Data segment section start
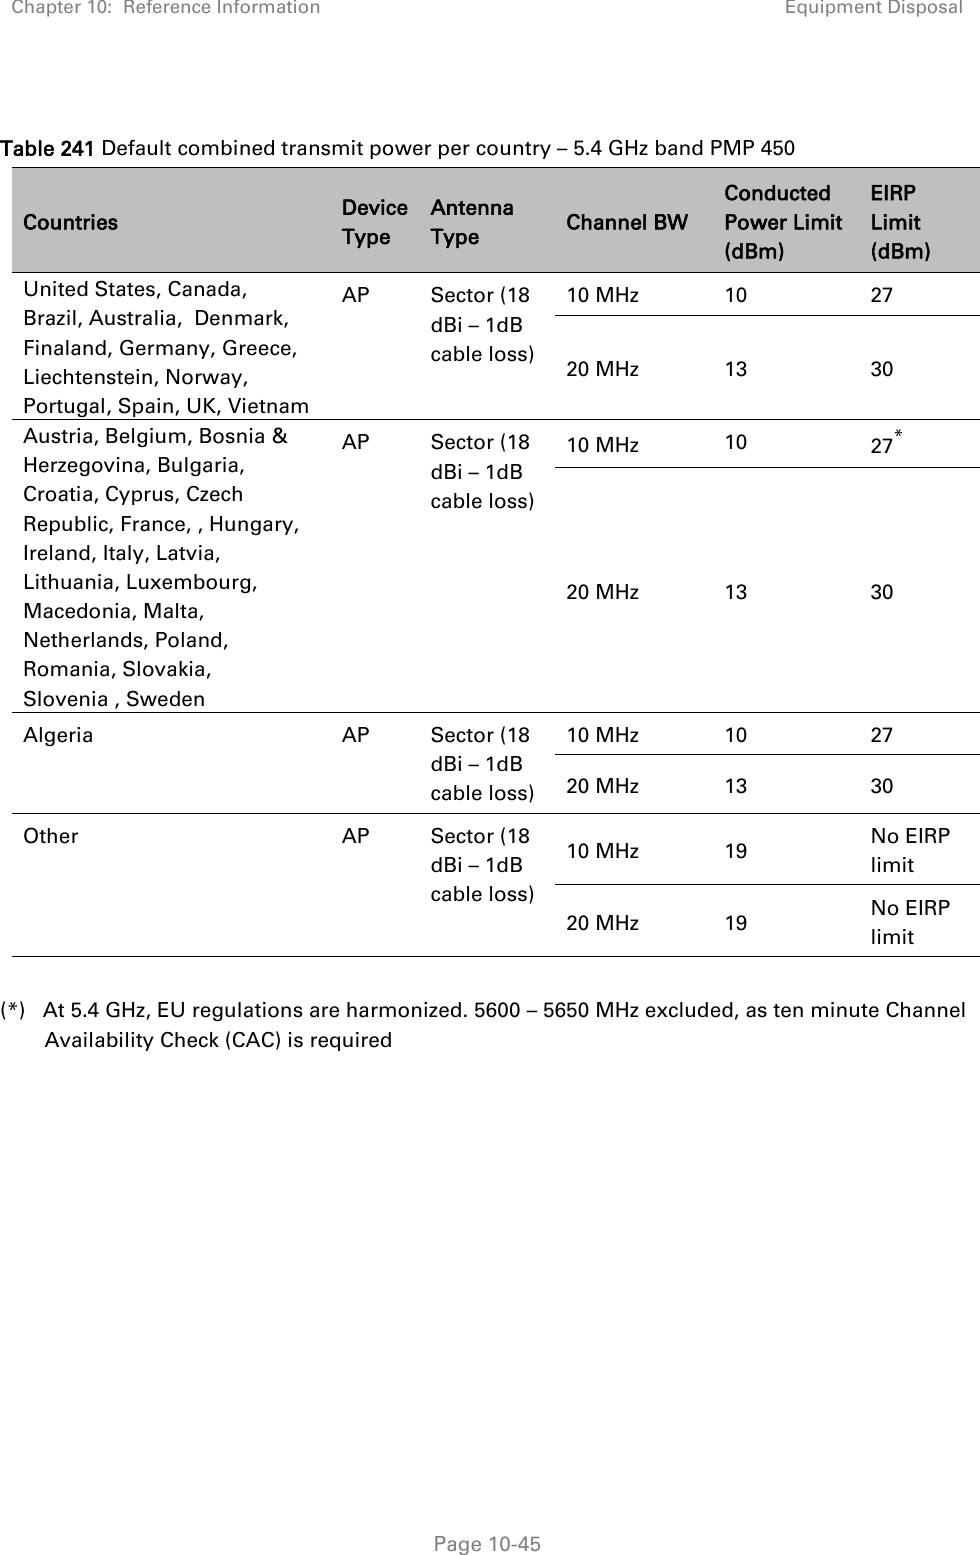 Chapter 10:  Reference Information Equipment Disposal   Page 10-45  Table 241 Default combined transmit power per country – 5.4 GHz band PMP 450 Countries Device Type Antenna Type Channel BW Conducted Power Limit (dBm) EIRP Limit (dBm) United States, Canada, Brazil, Australia,  Denmark, Finaland, Germany, Greece, Liechtenstein, Norway, Portugal, Spain, UK, Vietnam AP Sector (18 dBi – 1dB cable loss) 10 MHz 10 27 20 MHz 13 30 Austria, Belgium, Bosnia &amp; Herzegovina, Bulgaria, Croatia, Cyprus, Czech Republic, France, , Hungary, Ireland, Italy, Latvia, Lithuania, Luxembourg, Macedonia, Malta, Netherlands, Poland, Romania, Slovakia, Slovenia , Sweden AP Sector (18 dBi – 1dB cable loss) 10 MHz 10 27* 20 MHz 13 30 Algeria AP Sector (18 dBi – 1dB cable loss) 10 MHz 10 27 20 MHz 13 30 Other AP Sector (18 dBi – 1dB cable loss) 10 MHz 19 No EIRP limit 20 MHz 19 No EIRP  limit  (*)   At 5.4 GHz, EU regulations are harmonized. 5600 – 5650 MHz excluded, as ten minute Channel Availability Check (CAC) is required    
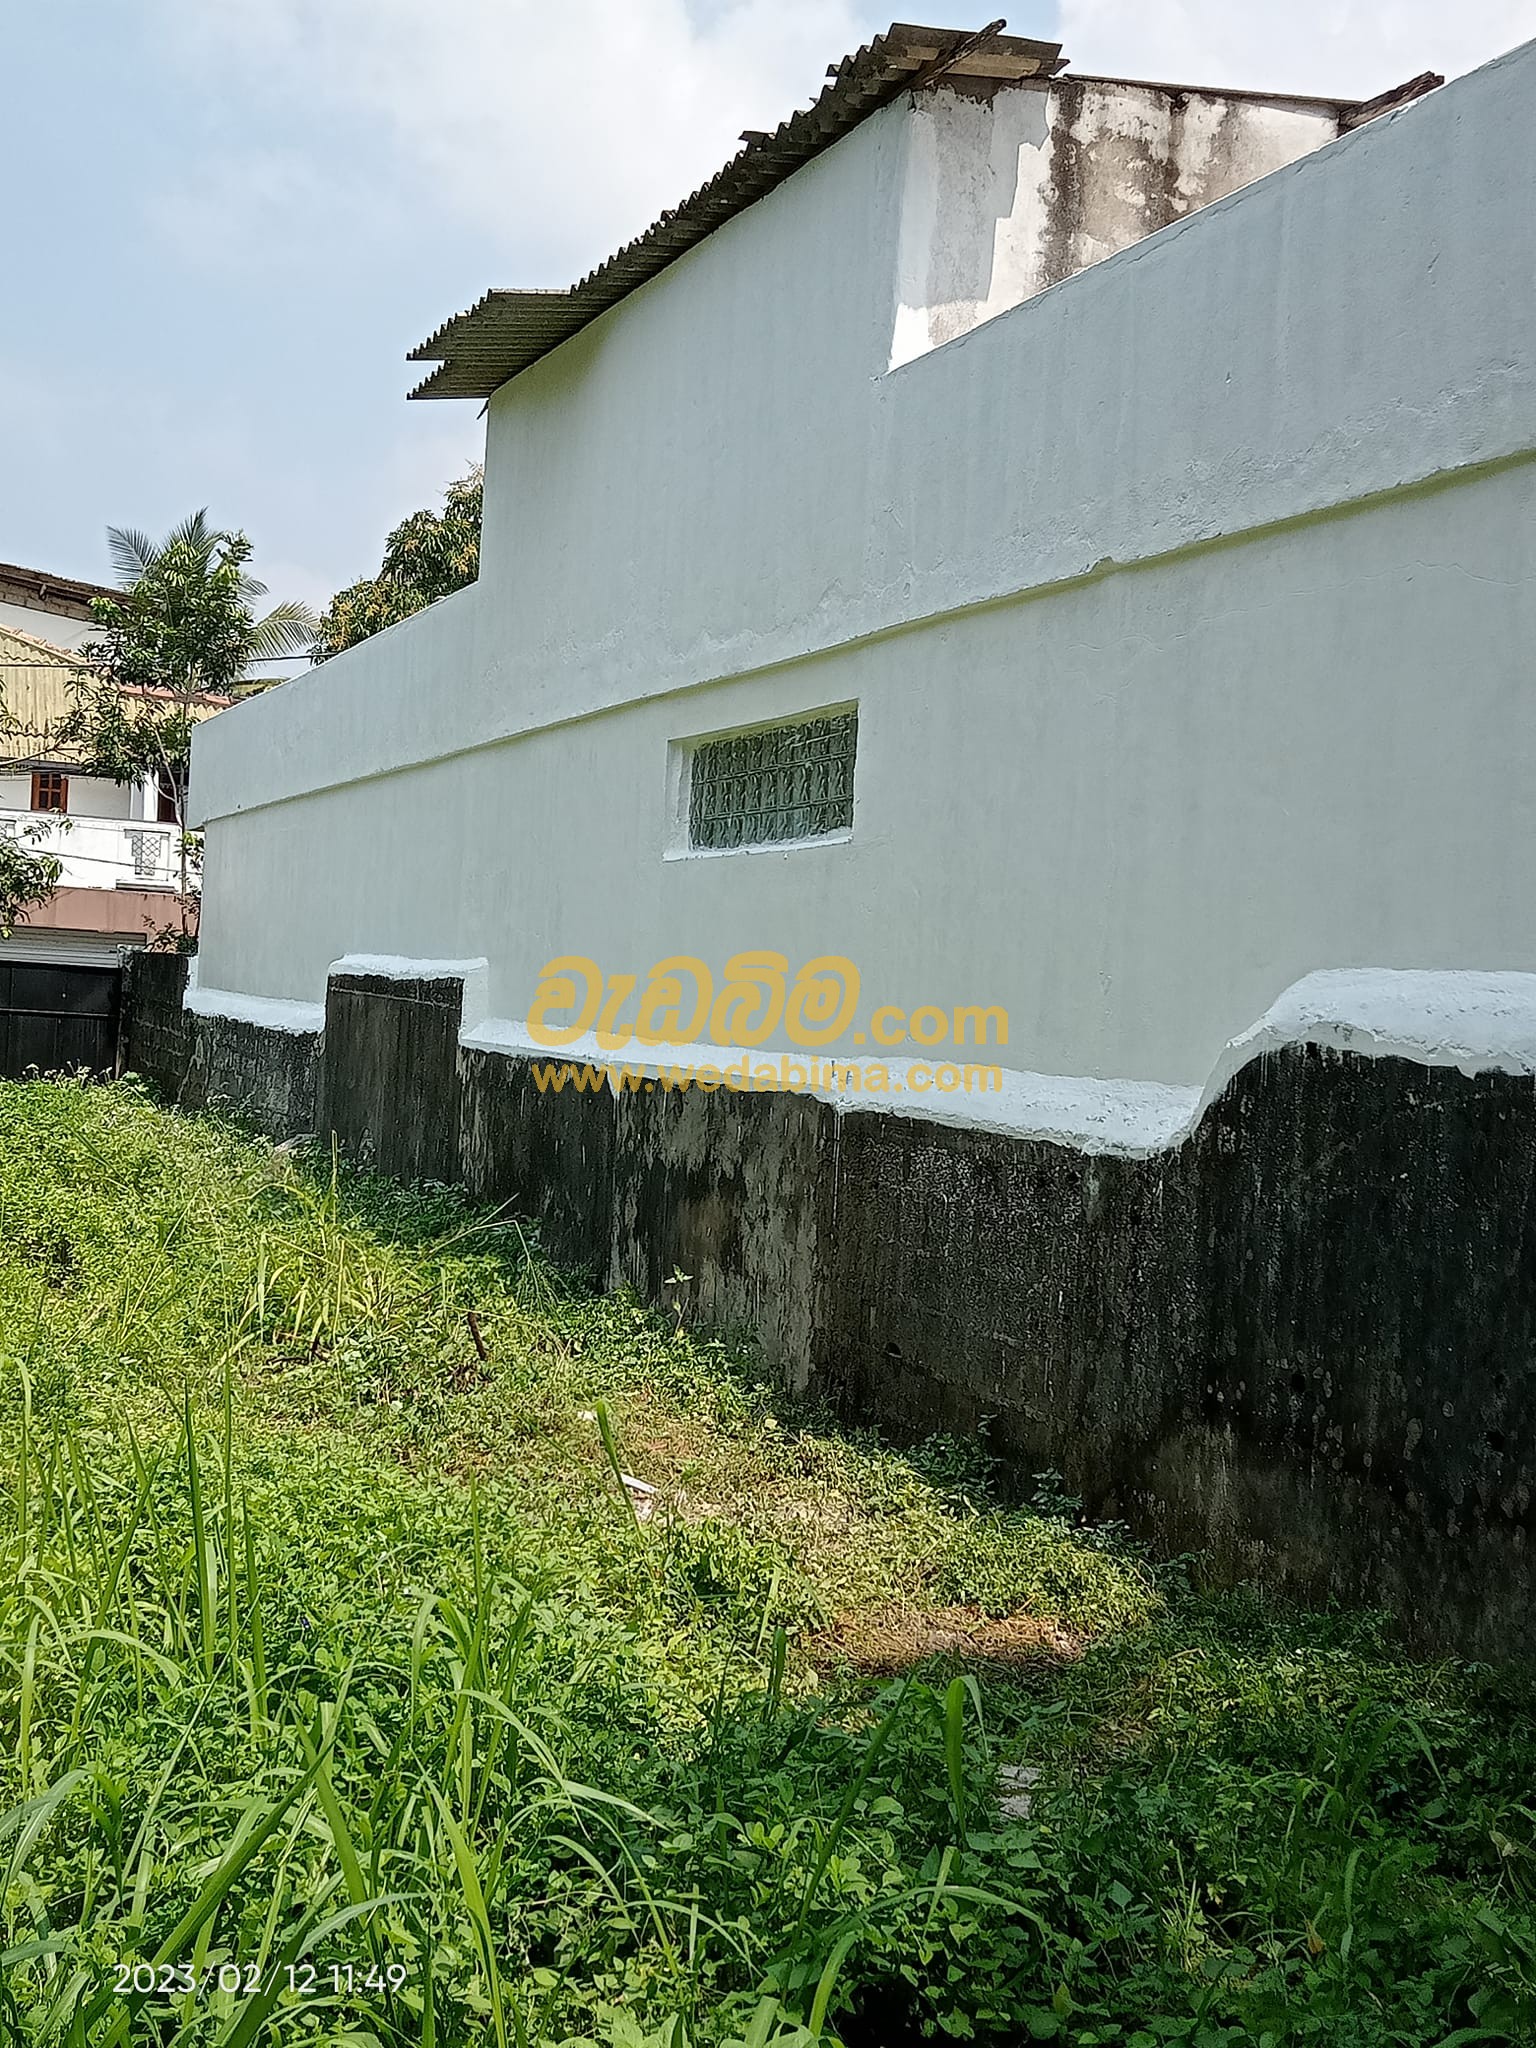 Cover image for wall waterproofing price in sri lanka
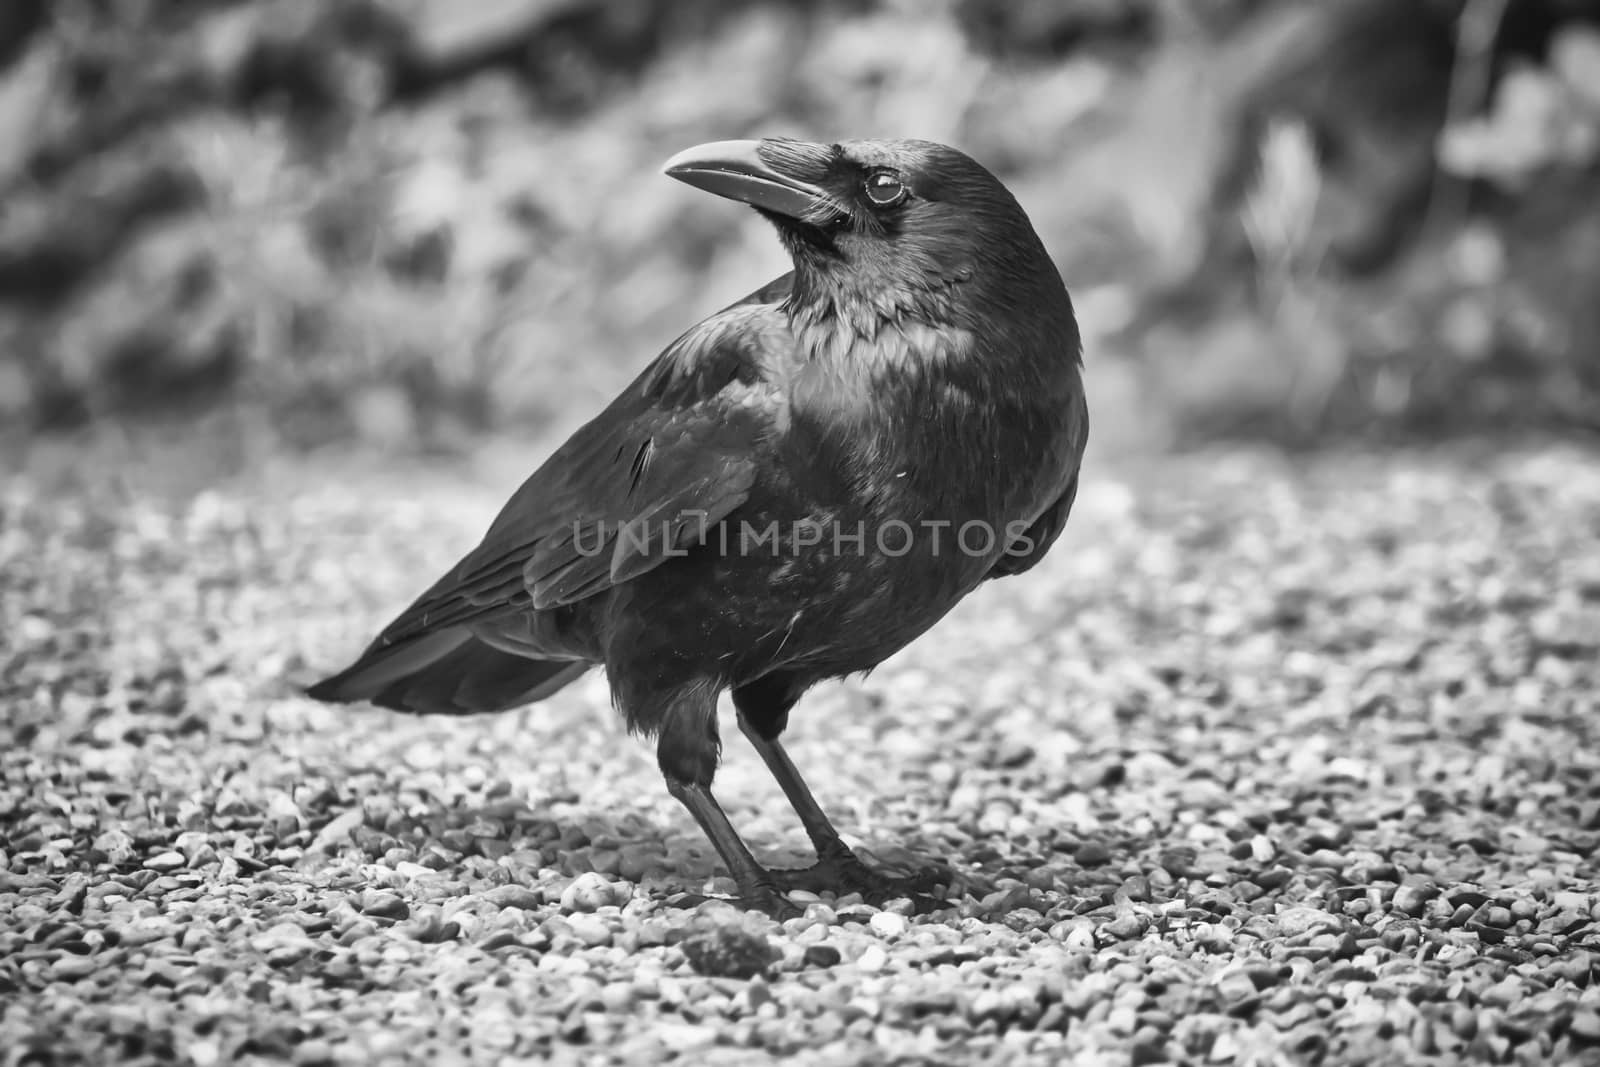 Black and white common raven, corvus corax, standing on the ground
Data segment section end
§ **Task**
The data above must be written out again word for word, without its pictures.

§ **Task output**
 Chapter 10:  Reference Information Equipment Disposal   Page 10-45  Table 241 Default combined transmit power per country – 5.4 GHz band PMP 450 Countries Device Type Antenna Type Channel BW Conducted Power Limit (dBm) EIRP Limit (dBm) United States, Canada, Brazil, Australia,  Denmark, Finaland, Germany, Greece, Liechtenstein, Norway, Portugal, Spain, UK, Vietnam AP Sector (18 dBi – 1dB cable loss) 10 MHz 10 27 20 MHz 13 30 Austria, Belgium, Bosnia &amp; Herzegovina, Bulgaria, Croatia, Cyprus, Czech Republic, France, , Hungary, Ireland, Italy, Latvia, Lithuania, Luxembourg, Macedonia, Malta, Netherlands, Poland, Romania, Slovakia, Slovenia , Sweden AP Sector (18 dBi – 1dB cable loss) 10 MHz 10 27* 20 MHz 13 30 Algeria AP Sector (18 dBi – 1dB cable loss) 10 MHz 10 27 20 MHz 13 30 Other AP Sector (18 dBi – 1dB cable loss) 10 MHz 19 No EIRP limit 20 MHz 19 No EIRP  limit  (*)   At 5.4 GHz, EU regulations are harmonized. 5600 – 5650 MHz excluded, as ten minute Channel Availability Check (CAC) is required    
 Cover image for wall waterproofing price in sri lanka
 Black and white common raven, corvus corax, standing on the ground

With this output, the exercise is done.